The next tenant was William H. Whorl. Bill was an orphan from upstate New York who, at age 22, came to Delaware seeking work. He, too, was hired as an outside man to assist “Cliffey” (Clifford Murray) and lived in the boardinghouse near the Yorklyn bridge. Bill fit in well wherever he was and got along fine with the bachelors living there, most of whom worked for the snuff mills. When the boardinghouse was torn down in 1937, Bill moved into the tiny playhouse. He lived there over a year and, on his meager wages, bought an Indian Motorcycle. As the mills got busier leading up to World War II, Bill went to work for National Fibre, where the pay was considerably better, and he married about 1940. He was in the service during World War II, and we corresponded when both of us were far from home. Following the war, my mother encouraged Bill to start a small nursery and lawn care business, as she had recognized his abilities along those lines. He was just getting started when he was killed in an automobile accident at the age of 33.

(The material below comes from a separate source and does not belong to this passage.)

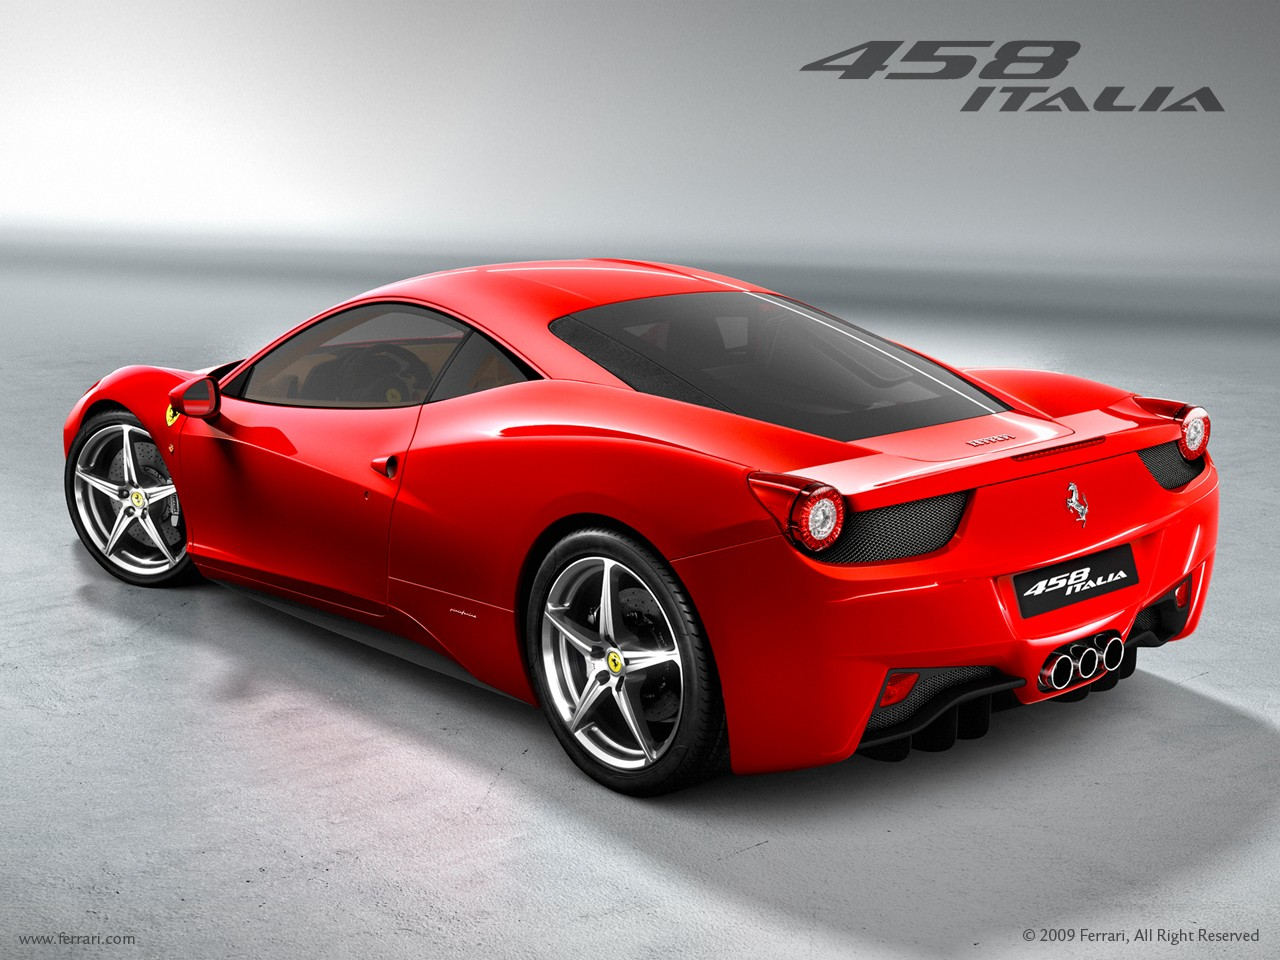 Un 4x4 se gare sur une Ferrari 458 Italia  Vid  o  Quand deux voitures oD73oHqg

When the first Auburn Valley Railroad was built in 1960, the right-of-way came right alongside the little building. Still in its original location, Paul Wollaston built a lean-to overhang on the track side and enlarged the window thereunder so the building could be a ticket office. We called it West Yorklyn Station. About 30,000 Auburn Valley tickets were sold from this window between 1961 and 1965. When the Magic Age of Steam began in 1971, the building was rotated 90 degrees, with the ticket window then facing the mansion, and tracks came by on both sides. Tickets were sold both at the front gate and from this window. Finally, as the Auburn Valley came into current use about 15 years ago, the building was rotated another 90 degrees with the thought that the ticket window would be facing the present tracks, as the “upper line” had been abandoned. Unfortunately it has not been used as a ticket office in recent years.